Although Cohler and Feigenbaum stress that their project is less concerned with the personas of the artists at play, and more concerned with their work, it’s hard to ignore the fact that, like Kanye, Beethoven was also something of an egoist. When a review of his “String Quartet No. 13” declared the work “incomprehensible, like Chinese,” he responded indignantly and without a hint of self-doubt, calling his audience “Cattle! Asses!” One of his most iconic quotes, “There are many princes and there will continue to be thousands more, but there is only one Beethoven,” sounds similarly familiar.

The show concludes with a comparison of the last movement of Beethoven’s “String Quartet No. 14” and Kanye’s “On Sight,” which opens his album. “If you don’t know the pieces you would have no idea where one piece starts and the other ends,” Cohler described. “It’s so emblematic of the artistic embryo that characterizes both Beethoven and Kanye — that propulsion, impulse and drive.”

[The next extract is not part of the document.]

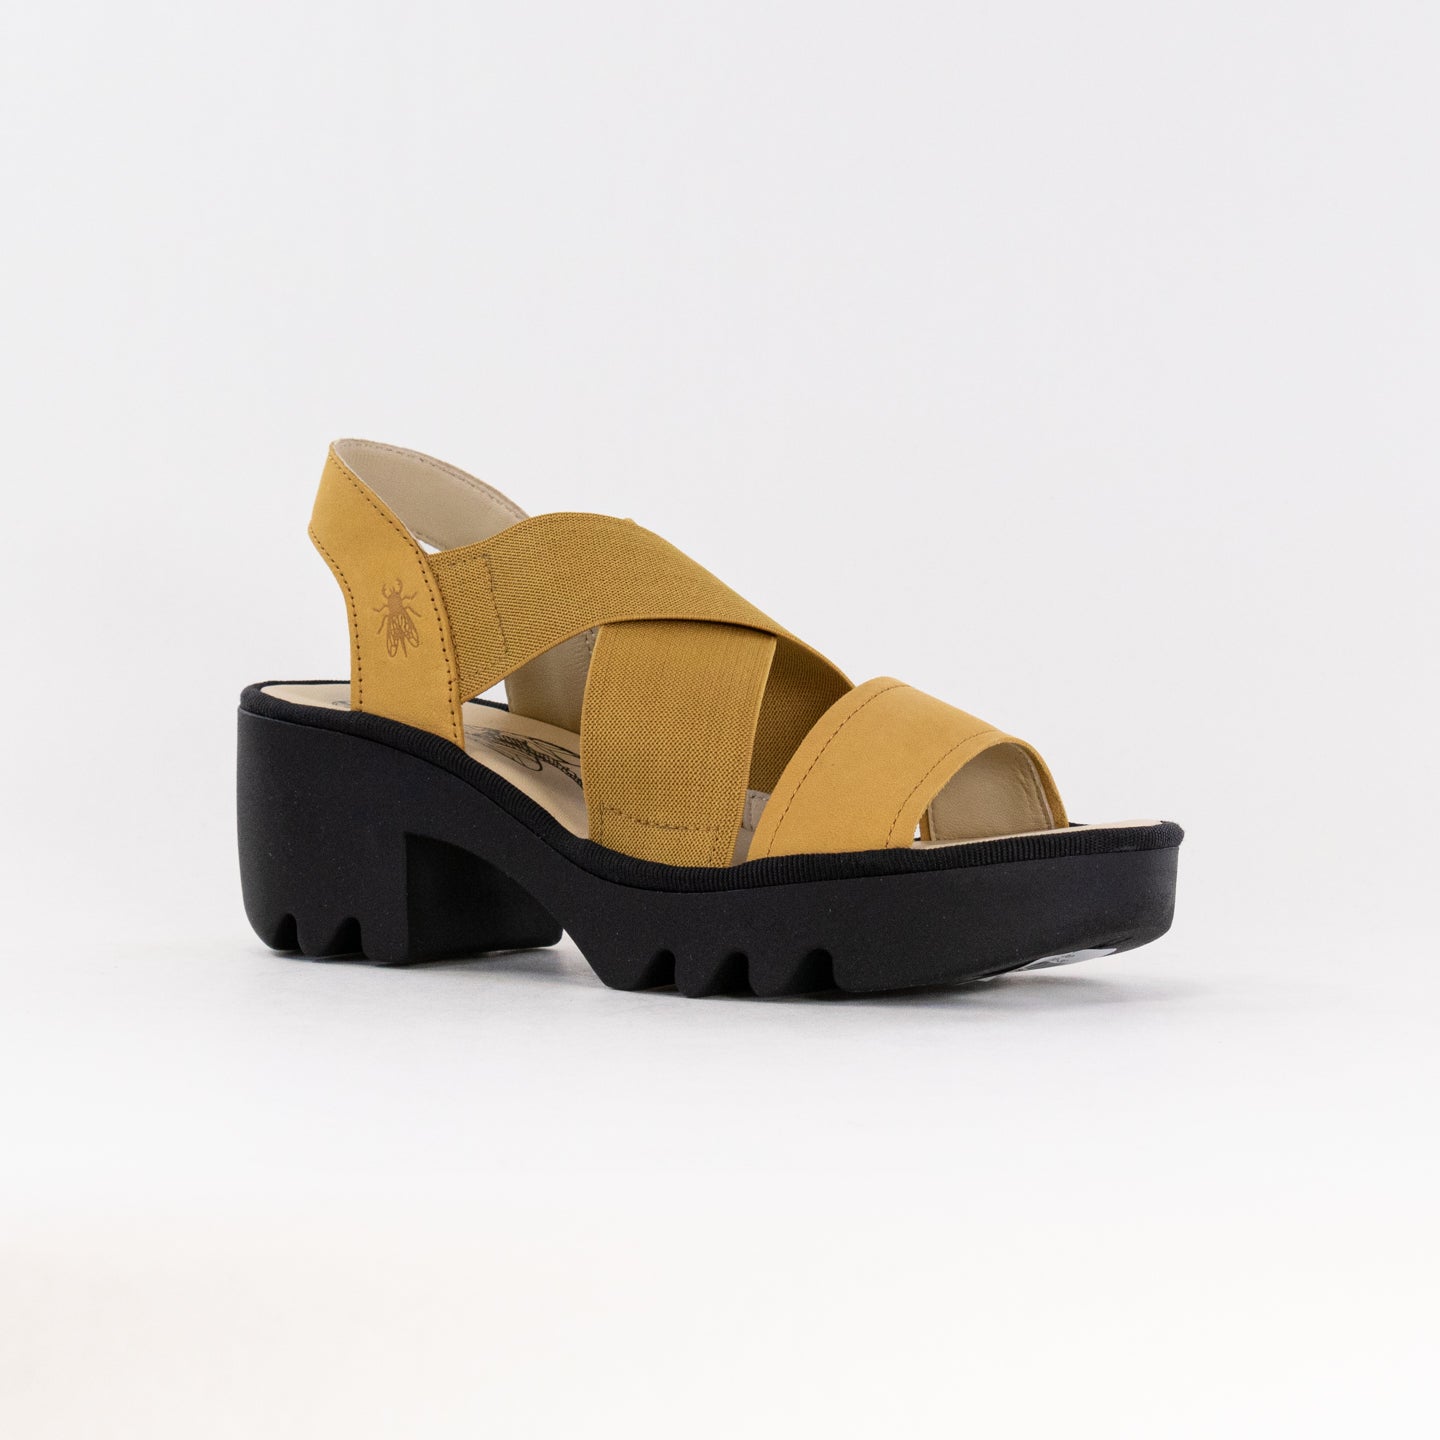 FLY London Crossover Sandals TAJI502FLY (Women's) - Bumblebee

Not everyone is psyched about the performance. Pitchfork Senior Editor Jayson Greene called the project “spectacularly ill-conceived.” Greene, who writes about both classical and hip-hop music, sees little connection between the two artists beyond a catchy conjoined nickname, and described the effort as a lazy attempt to bridge high and low culture that underestimates both artists and their audience.

“Lumping things on two sides of a room and drawing a line is less difficult than figuring out where each individual element belongs in a space,” Greene wrote. “And if you are going to start mixing and matching — say, by establishing a parallel between a rapper and a composer that leaps over genre boundaries, countries, and hundreds of years — for god’s sake, think hard about what you’re doing.”

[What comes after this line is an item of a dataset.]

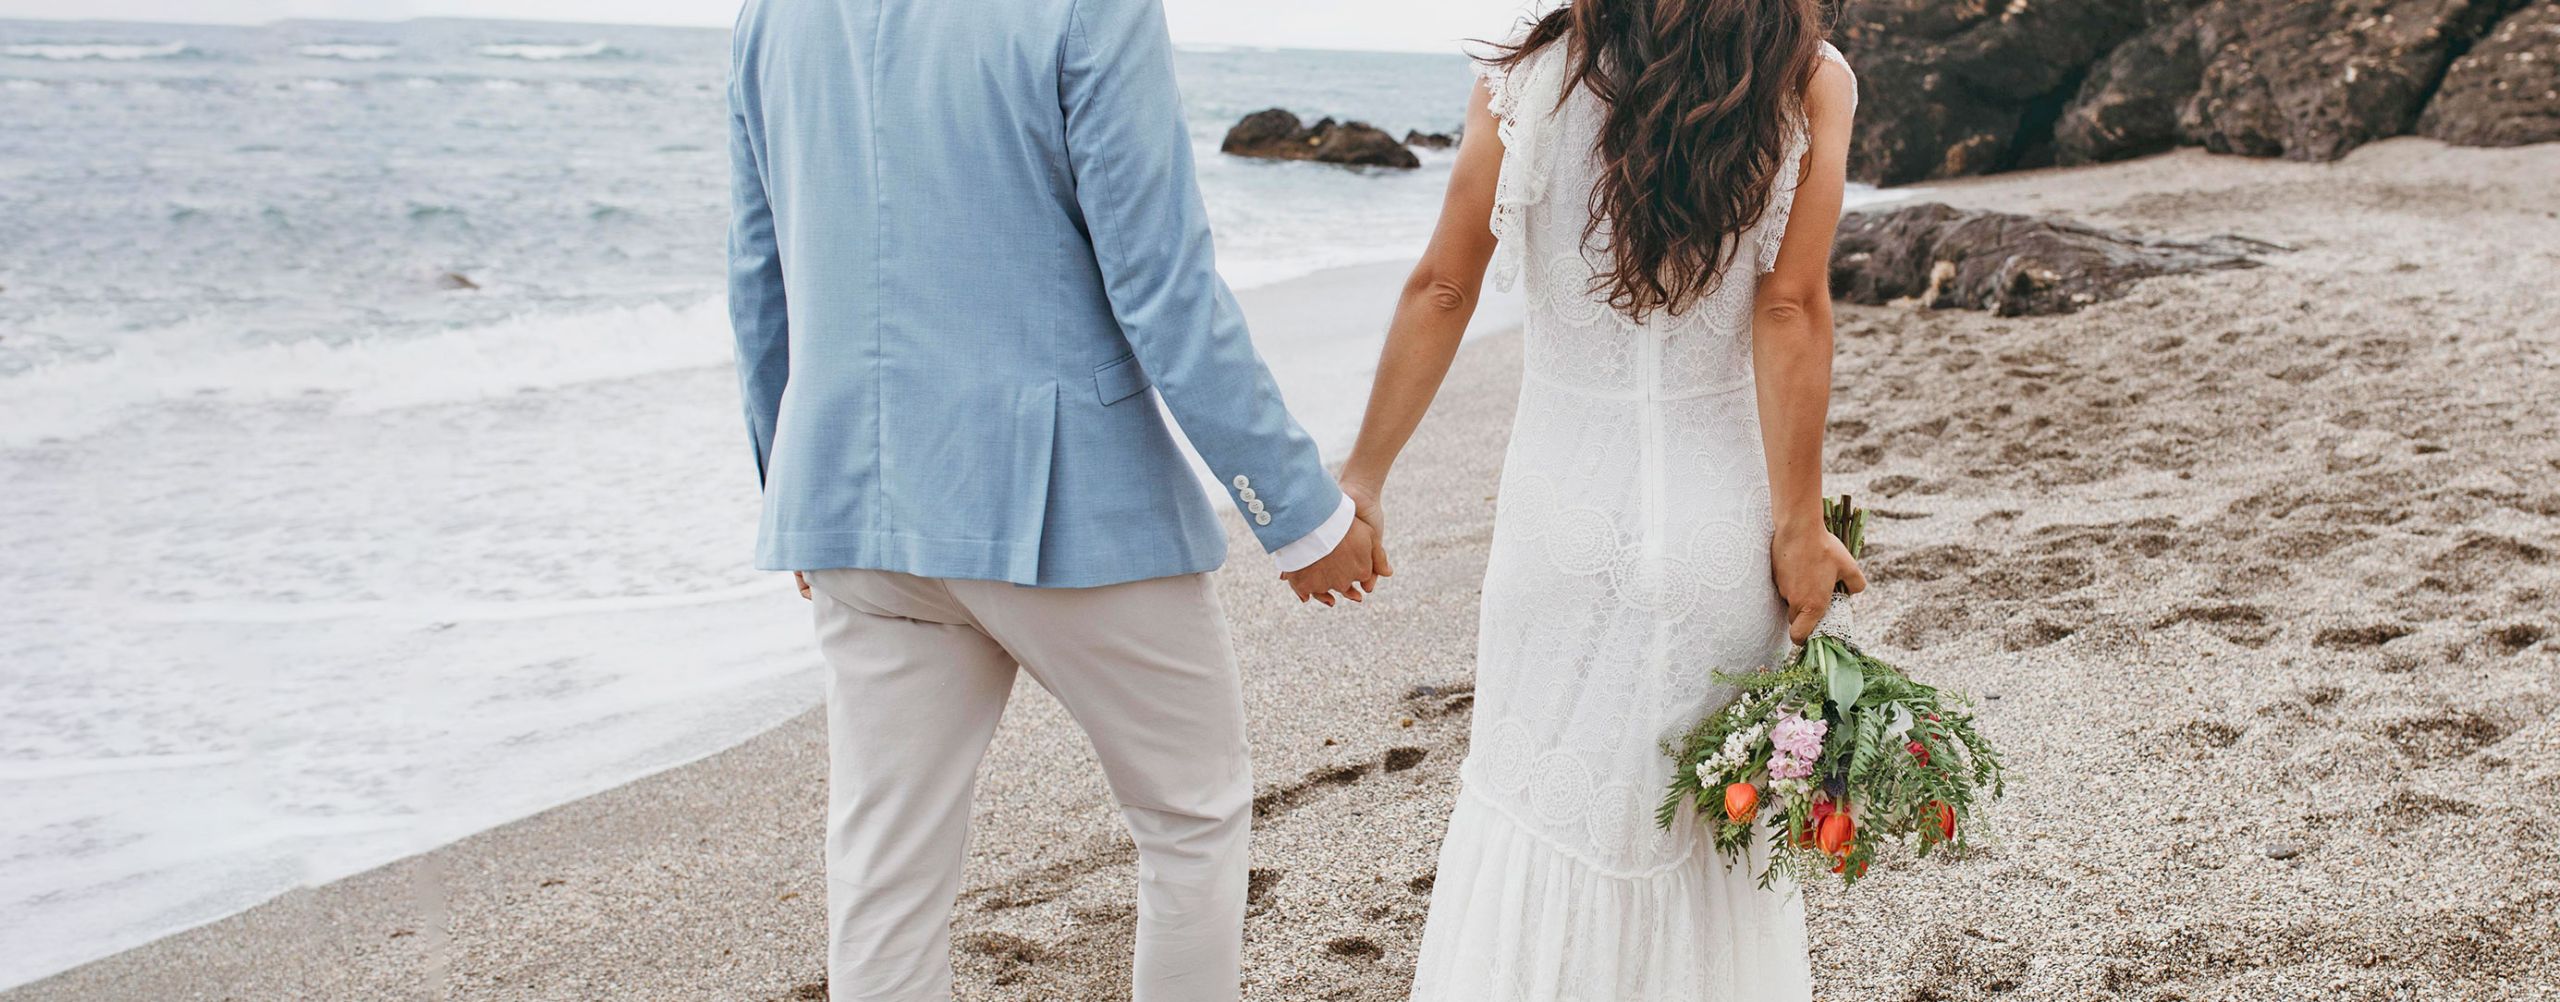 A couple during a wedding photo shoot in a beach in Ibiza

Whether or not you like the resulting Yeethoven mashup, after speaking with briefly with both Cohler and Feigenbaum, it’s difficult to deny that they’ve put quite a lot thought into the pairing. This concert has been in preparation for about a year. And while Greene posits Igor Stravinsky as a stronger parallel to West, his argument is based as much upon the artists’ characters and visions as the actual content, which Cohler and Feigenbaum privilege.

As someone who knows far less about classical music, I cannot confidently comment on the solidity of the parallel between Ye and Be, at least not until the show takes place on April 16. However, I fully support the mission of a free, instructive concert performed by an orchestra of young people, illuminating bridges between unlikely artists that can be embraced or rejected by the audience as they see fit.

Rather than insulting their audience, Cohler and Feigenbaum invite people to participate in an imperfect experiment, one that can illuminate the tenuous nature of boundaries and categories confining all art forms. “The more young musicians that realize they can learn Bach and also improvise and play in a band and [learn that] those don’t have to be totally separate,” well, these are all good things, right?

Besides, the potential for “Yeethoven” to result in outrage, disagreement, slippage, disharmony and even misguided overconfidence sans apologies seems quite appropriate for the subject matter, no?

“The Great Music Series: Yeethoven“ takes place Saturday, April 16, at 7:30 p.m. The event is free, but tickets are required, available first-come first-serve starting at 6:00 p.m.